On 7 April 2017, following the US cruise missile attack on the al-Shayrat airbase in Homs province, Peter Ford was interviewed by the BBC.[8] His attention was drawn to the opening part of President Trump's statement: "My fellow Americans, on Tuesday Syrian dictator Bashar al-Assad launched a horrible chemical weapons attack on innocent civilians." When asked whether he agreed it was "a statement of fact", Ford replied:

"It's a misstatement of non-fact. We don't know. What's needed is an investigation. Because there are two possibilities for what happened: one is the American version that Assad dropped chemical weapons on this locality. The other is that an ordinary bomb was dropped and it hit a munitions dump where the jihadis were storing chemical weapons. We don't know which of the two possibilities is the correct one. Remember the run-up to Iraq. The experts, the intelligence agencies, the politicians were convinced that Saddam had weapons of mass destruction. They produced reams of evidence, photographs, diagrams. It was all wrong. It's possible they are wrong in this instance as well, and that they're just looking for a pretext to attack Syria. Let's not deceive ourselves - what has happened makes more use of chemical weapons more likely, not less.

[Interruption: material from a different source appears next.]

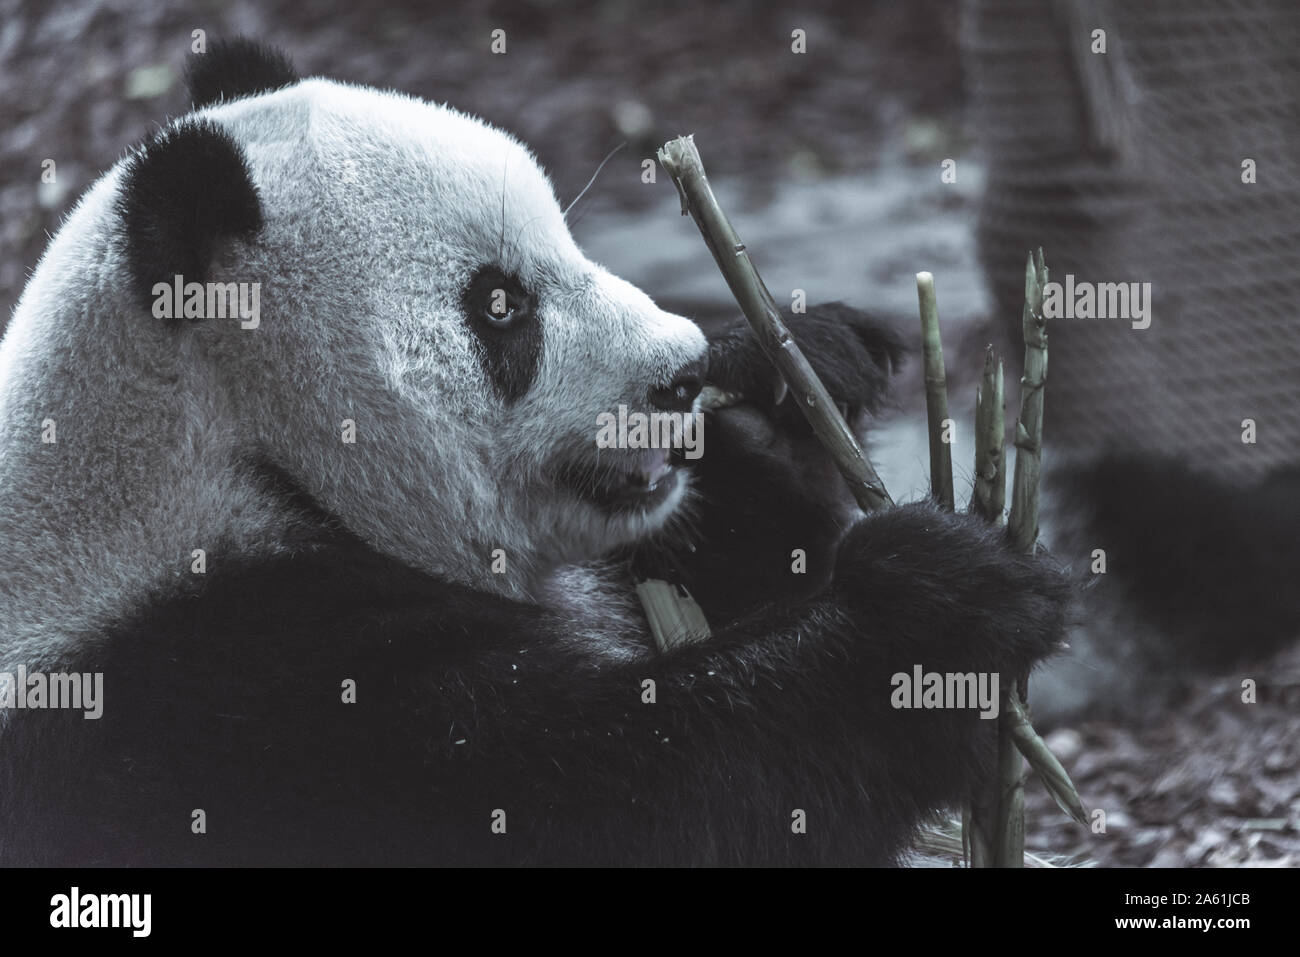 El retrato del panda gigante. Big Fat perezoso panda gigante come en el bosque de bambú. Fauna silvestre en peligro de extinción. Foto de stock

Michael Fallon Defence Secretary is convinced by the evidence, that he backs this action. Why is it that you are a lone voice...?

"I don't leave my brains at the door when I examine a situation analytically. I try to be objective and, based on previous experience including Iraq, we can see that we cannot take at face value what the so-called intelligence experts tell us, not when they have an agenda. But, let's come back to the main point: it's not going to end here, and we, Britain, are likely to be dragged into it. Because Trump has just given the jihadis a thousand reasons to stage fake flag operations seeing how successful and how easy it is with a gullible media to promote the West into intemperate reactions. They will very likely stage an operation similar to what they did and this was documented by the United Nations in August last year. They mounted a chlorine gas attack on civilians and they tried to make it look like it was a regime operation. This - mark my words you're hearing it here first - and it will happen, and it will get all the war-mongers coming to tell us that Assad is defying us and we must go in more heavily into Syria. This will be a fake flag."

What do you think Assad's reaction will be?

"Assad may be cruel, brutal, but he is not mad. It defies belief that he would bring all this on his head. For no military advantage. The site that was hit had no military significance. It made absolutely no sense. It would have angered the Russians for no other reason: it was simply not plausible."

How will Assad's behaviour change now he knows President Trump is prepared to launch cruise missile attacks?

"If he didn't do it in the first place, it can't change his behaviour. But we will all pay the consequences. The oil price will spike. Very likely, there will be more use not less use of CW as a result of this and - this is also important - the Russians and the Syrians will give less co-operation in the fight against ISIS.[9]